What would you pay for a Swiss-made watch with all the elements of a professional diver’s watch complete with helium release valve and that keeps it safe to depths of 1000 metres?

What would a brushed titanium case and bracelet add to the price, or a chronometer-certified movement that can be seen through a 3.4mm thick sapphire case back?

If you have a spare £9,300, the answer is likely to be a  Rolex Sea-Dweller (although you will have to settle for construction from Oystersteel). The Rolex badge, timeless style and the Calibre 3235 manufacture movement might make this a no-brainer.

Omega’s Seamaster Planet Ocean 600M Master Chronometer would be another good shout, for £5,220.

For those that prefer to pull on a wetsuit and swim against the tide, Christopher Ward’s C60 Elite 1000, priced at just £1,250 on a rubber strap and £1,470 on a titanium bracelet, is the correct answer.

I’ve been wearing the bracelet version for the past fortnight and it is going to be a wrench to take if off.

The watch is lightweight, at just 133 grams including the bracelet, and less bulky than other deep sea diver’s models, measuring 42mm across and 15.4mm high. It is also elegant and highly legible in daylight and nighttime when its high grade Super-LumiNova-coated hands, hour markers and 60 second bezel numbers glow green.

Mine has a blue dial and matching ceramic uni-directional bezel, but there is a black-dialed version launching in June.

Hands and markers are white, and there is a splash of orange — a signature Christopher Ward colour — on the tip of the seconds hand and the 15-minute countdown on the bezel.

Despite having all the functionality and strength of a dive watch, Christopher Ward has pitched it firmly at people that will rarely leave land. Professional dive watches often avoid complications such as day and date because they make them harder to read at a glance, but the C60 Elite 1000 has them at 3 o’clock on the dial without making the watch any less legible.

One compromise you have to accept with Christopher Ward watches is the use of third party movements, in this case the automatic Sellita SW220 calibre with 38-hour power reserve and in-built shock-resistance.

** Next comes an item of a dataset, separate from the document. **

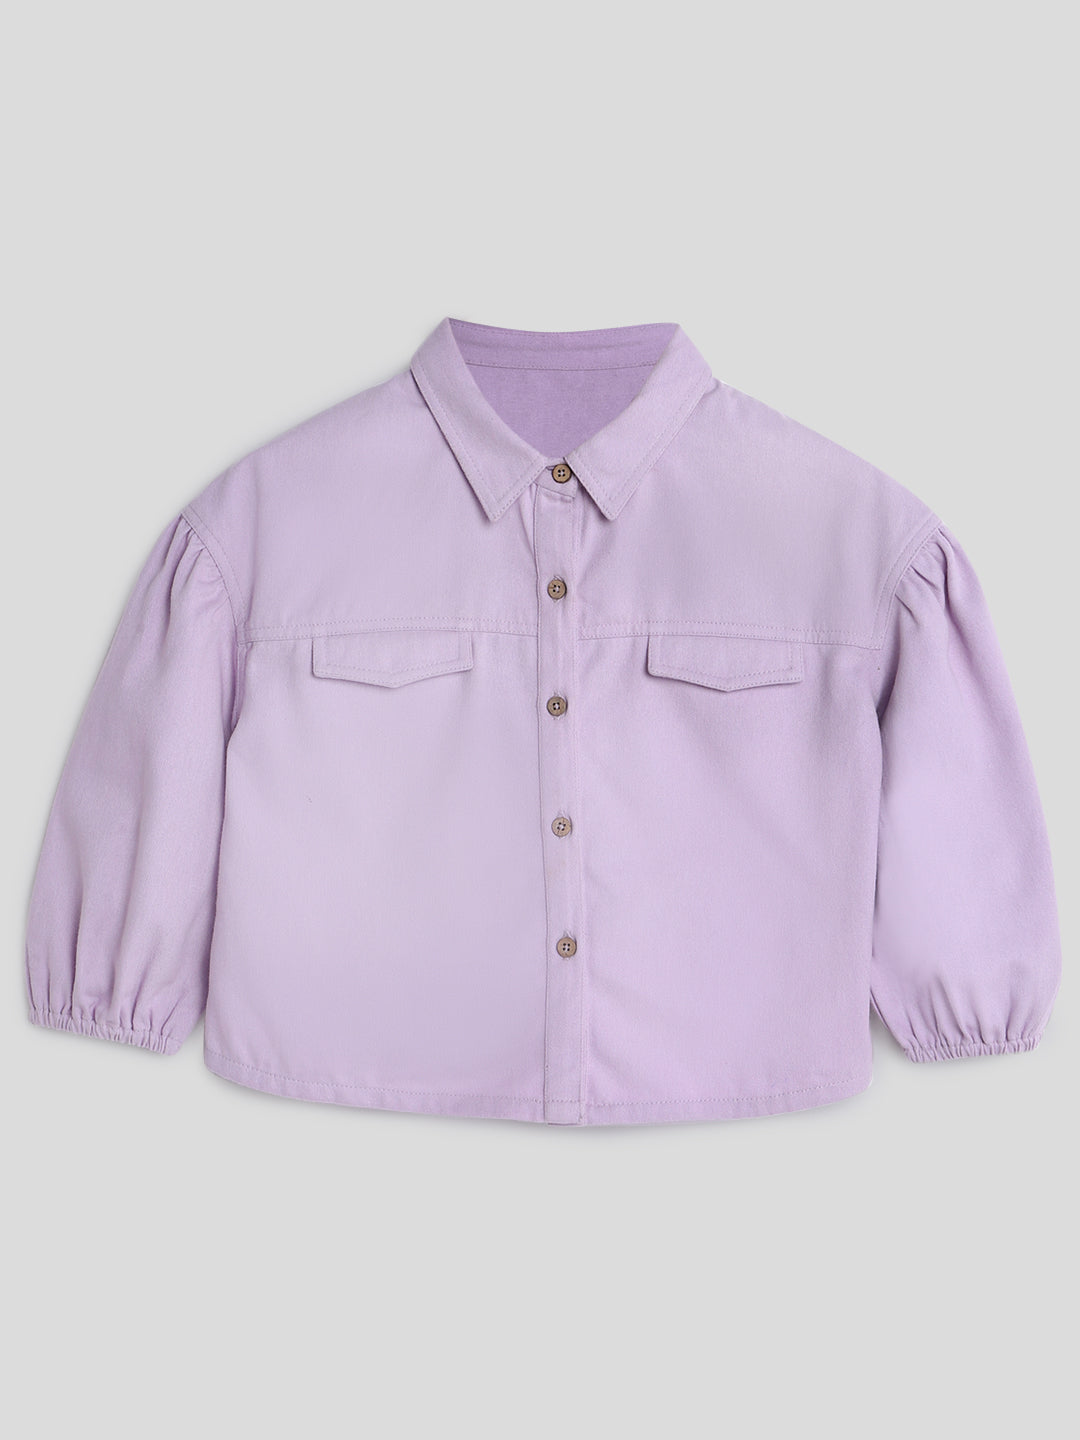 Lilac Drop Shoulder Shirt Somersault

It may not be a manufacture movement, but it is Swiss made and certified by the Swiss organisation Contrôle Officiel Suisse des Chronomètres with a tolerance of -4/+6 seconds per day.

Christopher Ward watches can only be bought directly from its ecommerce site.

Not needing to make a margin for wholesalers or retailers is part of the reason the brand is so competitive on price, but customers do lose out of the enjoyment of spending time in a beautiful jeweller and being talked through the options with an expert.

In return, they get the convenience of shopping from their sofas followed by doorstep delivery.

This makes the quality of packaging and the immediate experience of unboxing the watch all the more important, and Christopher Ward has raised its game in this regard last year when it launched a stylish new wooden box with an embossed black sleeve.

Christopher Ward’s target market has been described by managing director Mike France as “curious gentlemen”, by which I think he means men that do not follow the herd and like the idea of bagging a great watch at an incredible price.

People like this love to feel they’ve discovered hidden gems, and the C60 Elite 1000 at £1,470 is certainly that.